FibroGen scores a lifeline as Astellas-partnered roxadustat snags EU approval, triggering $120M milestone payment

FibroGen and Astellas Pharma's closely watched anemia drug has notched a win in Europe. Still, safety concerns and a recent rejection across the Atlantic may clip the med's wings before it can rise to blockbuster heights.

The European Commission on Thursday approved FibroGen and Astellas’ roxadustat, also known as Evrenzo, in anemia associated with chronic kidney disease (CKD). The European green light builds on approvals in China and Japan, but the drug is having a much tougher go in the U.S., where the FDA rejected roxadustat’s application in early August.

Even though roxa has run into a serious setback in the U.S., Mizuho analysts believe it can gin up $690 million in Europe and Japan at peak. That'd translate to $152 million for FibroGen, which is entitled to a 22% royalty rate from Astellas, the analysts wrote to clients this week.
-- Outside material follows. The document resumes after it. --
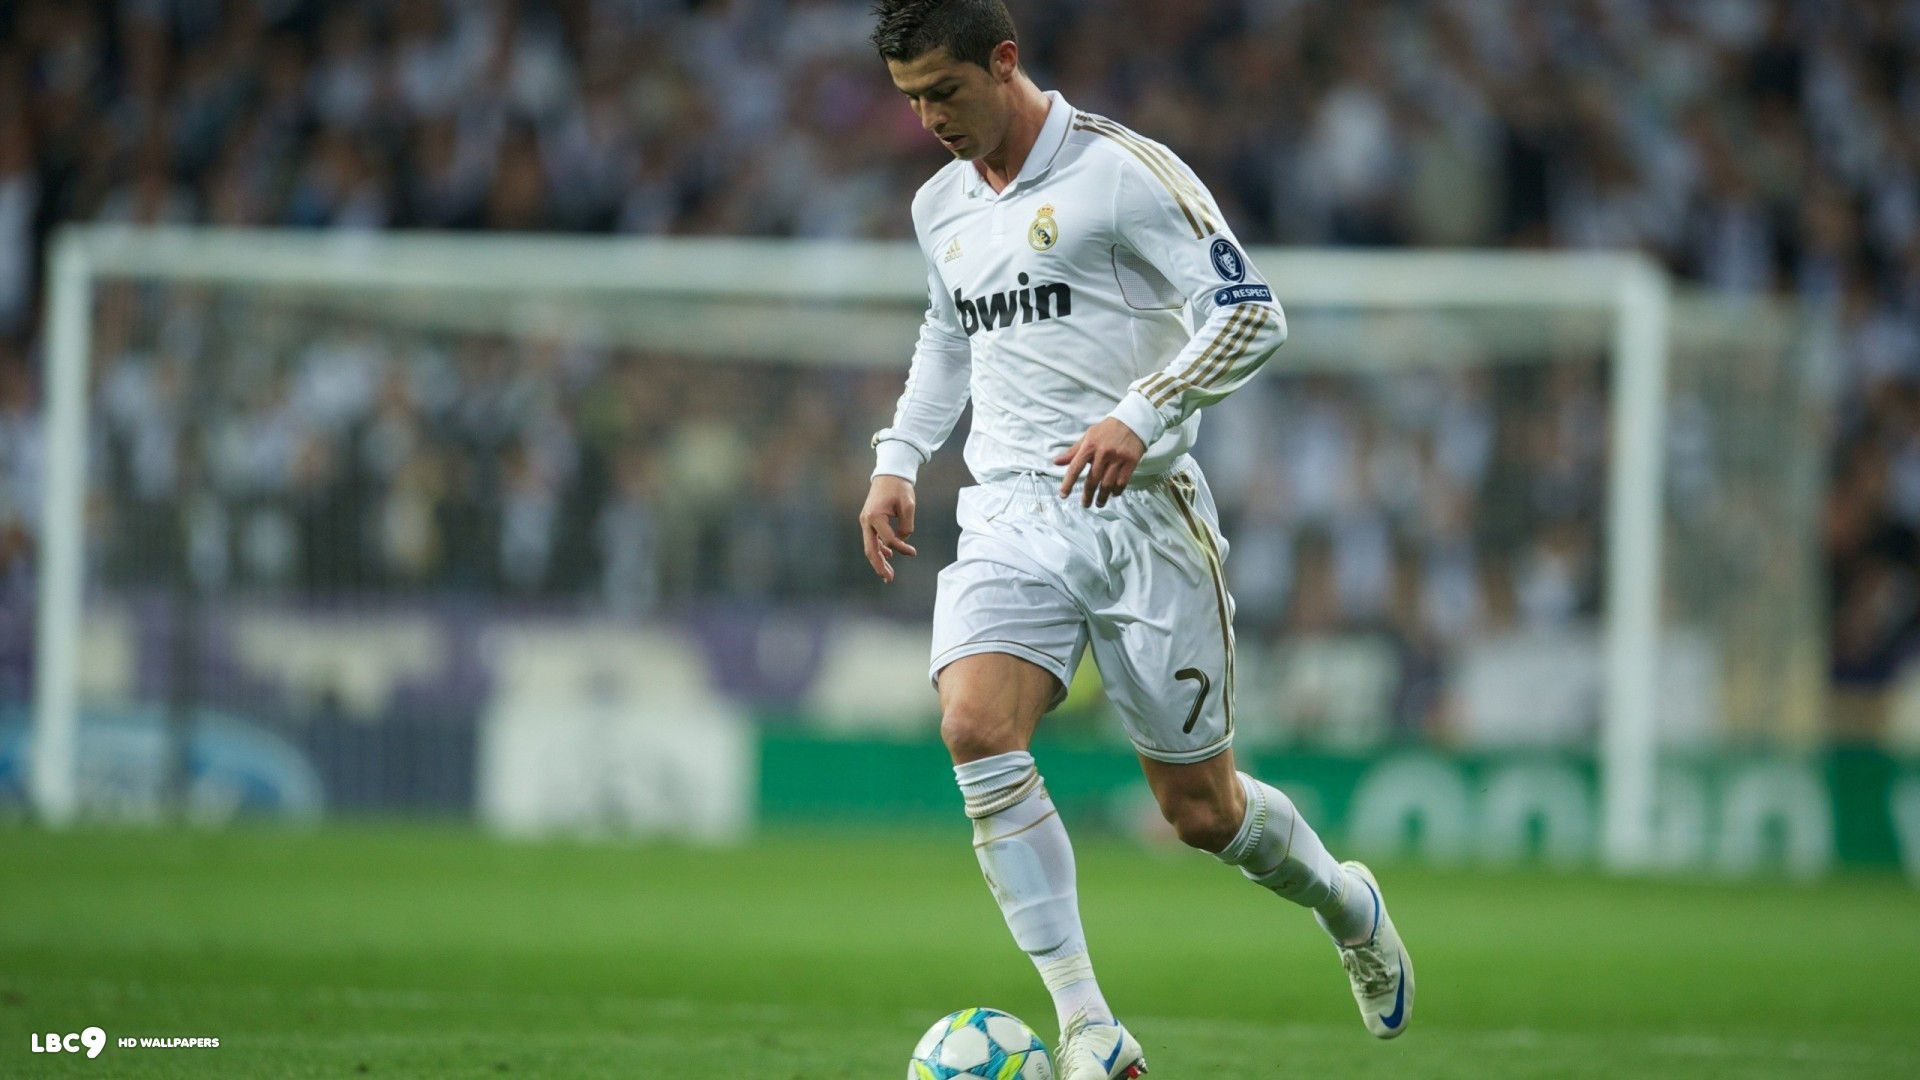 Cristiano Ronaldo hình nền 1080p - Tận hưởng mọi chi tiết về cầu thủ huyền thoại này trong độ phân giải cao với hình nền 1080p của Cristiano Ronaldo. Hình nền này sẽ làm bạn phấn khích với mọi chuyển động đầy uyển chuyển của CR

Meanwhile, the EU approval sets up FibroGen to receive $120 million in regulatory milestones by the end of 2021, the analysts said.
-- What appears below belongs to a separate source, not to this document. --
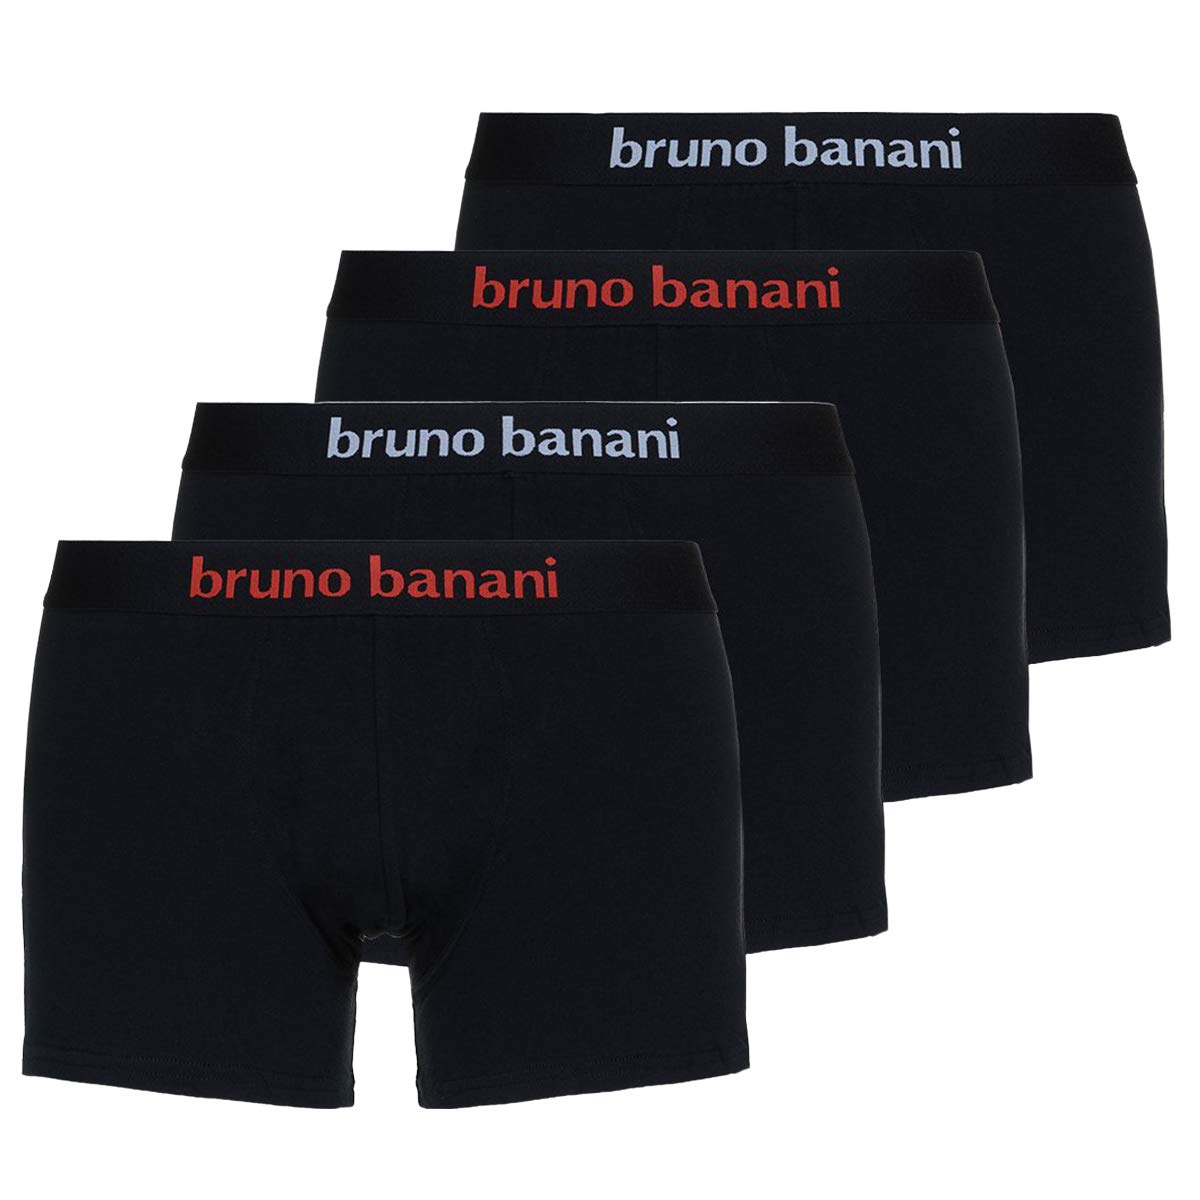 bruno banani - Flowing - Short - 4er Pack (5 Schwarz (Rot/Weiß))

RELATED: AstraZeneca, FibroGen's roxadustat hit with tough safety questions in FDA review ahead of key expert meeting

FibroGen is working with Astellas on the drug in places like Japan, Europe, Russia, the Middle East and South Africa. It’s partnered with AstraZeneca in the U.S., China, Australia and New Zealand, Southeast Asia and other markets in the Americas.

Europe’s approval for roxadustat was to be expected, the Mizuho analysts wrote, citing a positive opinion from the European Medicines Agency’s (EMA's) drug reviewers in early June.

The EMA’s Committee for Medicinal Products for Human Use (CHMP) backed roxadustat in June on results from the drug’s phase 3 program, which enrolled 9,600 patients across eight studies globally. The data showed patients with anemia of CKD who received roxadustat were able to achieve and hold target hemoglobin levels, regardless of their dialysis status or whether they’d received previous treatment with erythropoiesis-stimulating agents.

Roxadustat bears the distinction of being the first member of the hypoxia-inducible factor prolyl hydroxylase inhibitor (HIF-PHI) class to win an approval anywhere. It once carried blockbuster expectations, but safety worries have lingered over the drug during its U.S. review.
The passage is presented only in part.